However, remember, these are probabilistic, statistical processes. Uncertainties in state may favor one structure at one time versus another at a different time. The types of chemical compounds favored in the primordial soup were likely greatly influenced by thermal and light cycles and drying and wet conditions. In biological ecosystems, there are huge differences in seed or offspring production or in overall species diversity and ecological complexity based on the stability (say, tropics) or instability (say, disturbance) of local environments. As noted, these processes are inherently non-deterministic.

As we climb up the chain from the primordial ooze to life and then to humans and our many information mechanisms and technology artifacts (which are themselves embodiments of information), we see increasing complexity and structure. But we do not see uniformity of mechanisms or vehicles.

The general mechanisms of information transfer in living organisms occur (generally) via DNA in genes, mediated by sex in higher organisms, subject to random mutations, and then kept or lost entirely as their host organisms survive to procreate or not. Those are harsh conditions: the information survives or not (on a population basis) with high concentrations of information in DNA and with a priority placed on remixing for new combinations via sex. Information exchange (generally) only occurs at each generational event.
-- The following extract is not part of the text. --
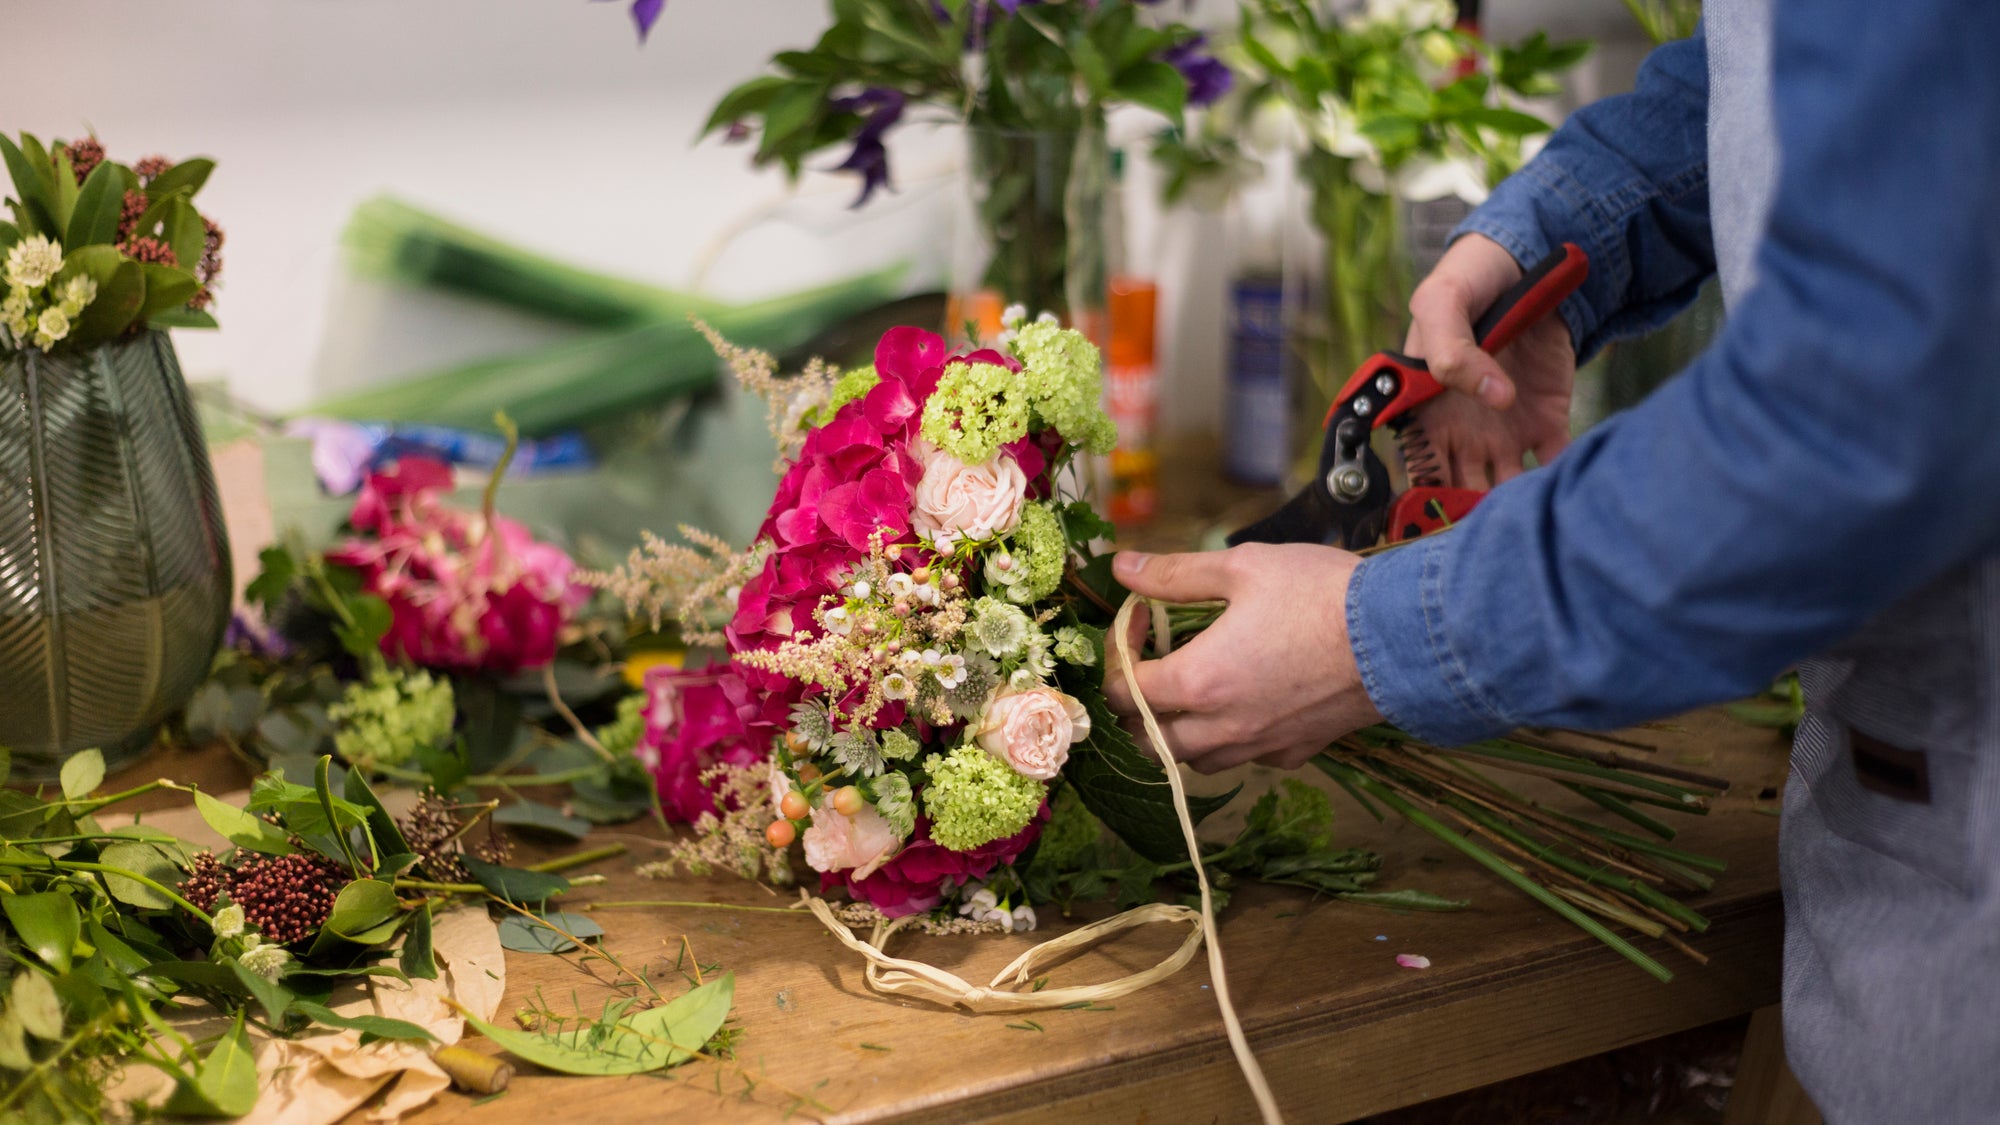 Fresh flowers are delivered in all parts of Ireland, including regional areas.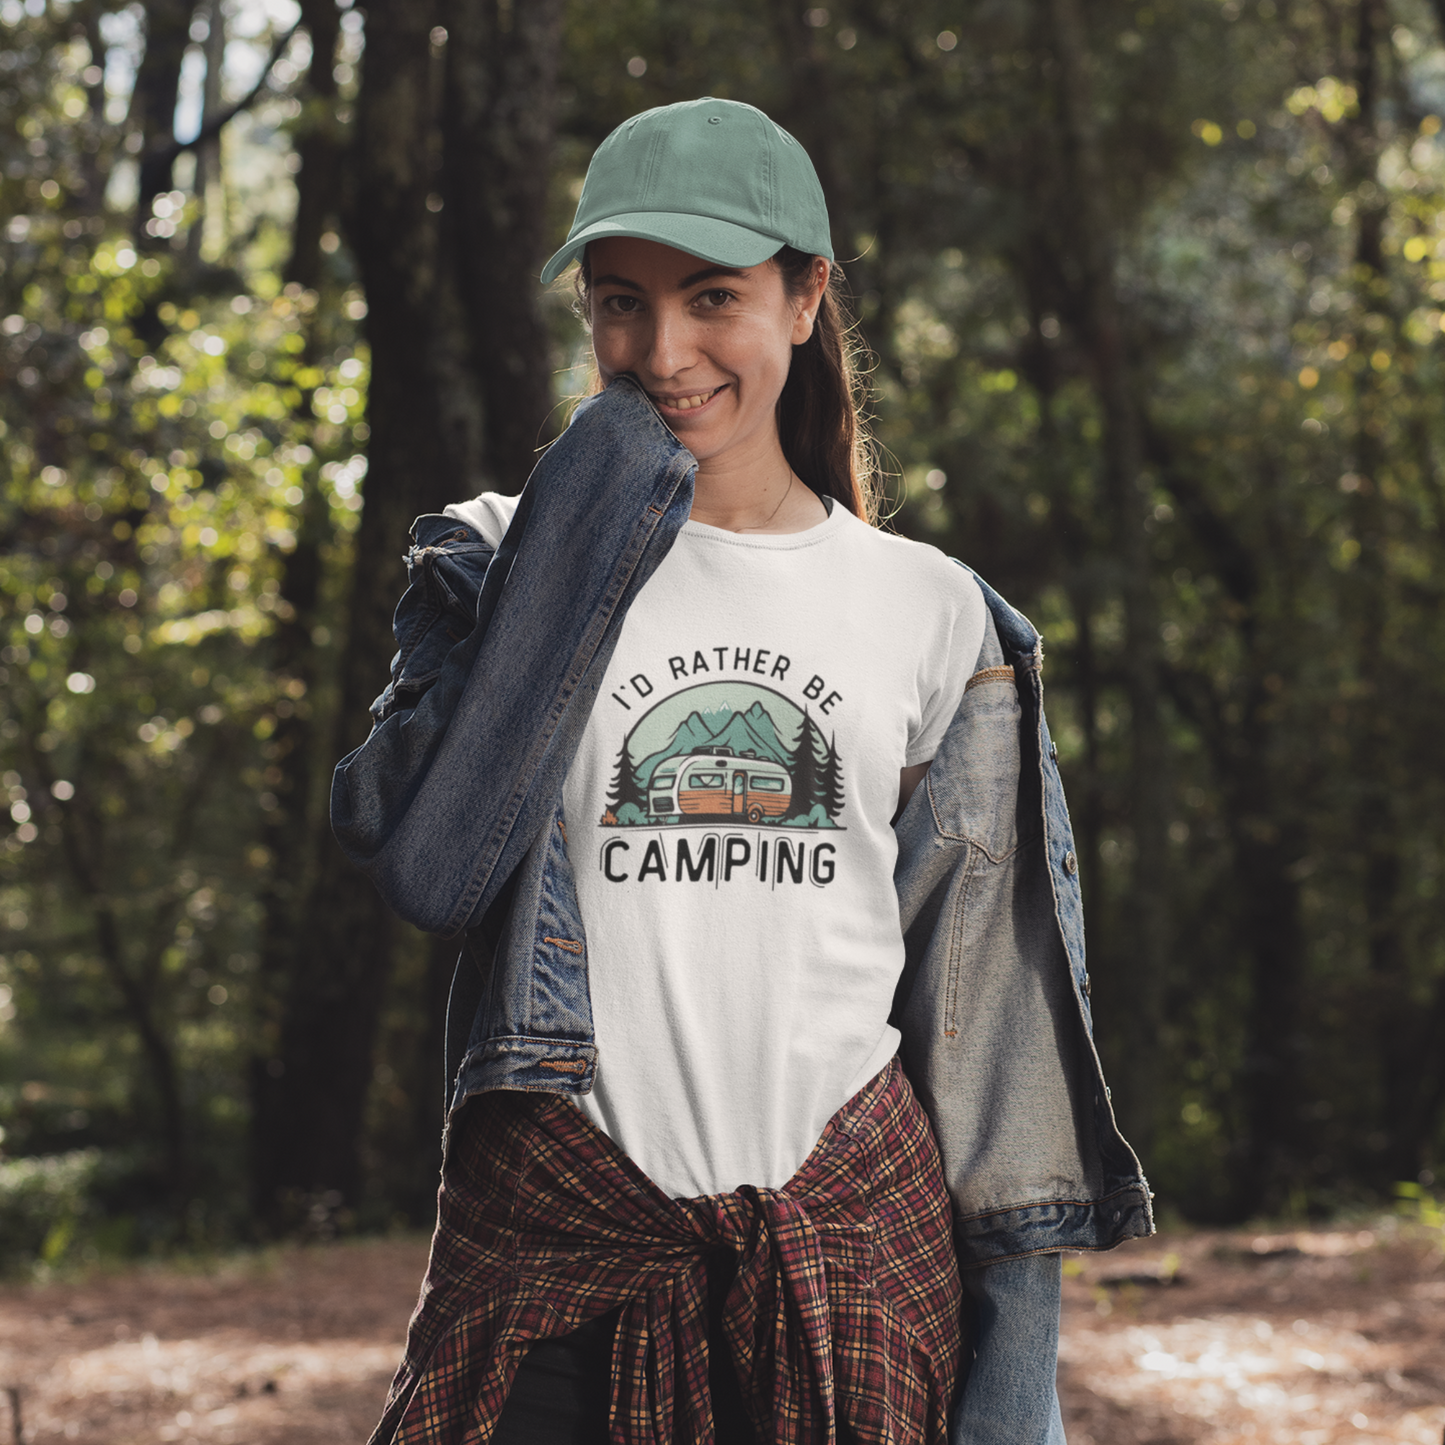 Unisex Softstyle T-Shirt, I'd Rather Be Camping

Human cultural information, however, is of an entirely different nature. Information can be made persistent, can be recorded and shared across individuals or generations, extended with new innovations like written language or digital computers, or combined in ways that defy the limits of sex. Occasionally, of course, loss of living languages due to certain cultures or populations dying out or horrendous catastrophes like the Spanish burning (nearly all of) the Mayan’s existing books can also occur [18]. The environment will also be uncertain.

So, while we can define DNA in genes or the ideas of a “meme” all as information, in fact we now see how very unlike the dynamics and structures of these two forms really are. We can be awestruck with the elegance and sublimity of organic evolution. We can also be inspired by song or poem or moved to action through ideals such as truth and justice. But organic evolution does not transpire like reading a book or hearing a sermon, just like human ideas and innovations don’t act like genes. The “meme” is a totally false analogy. The only constant is information.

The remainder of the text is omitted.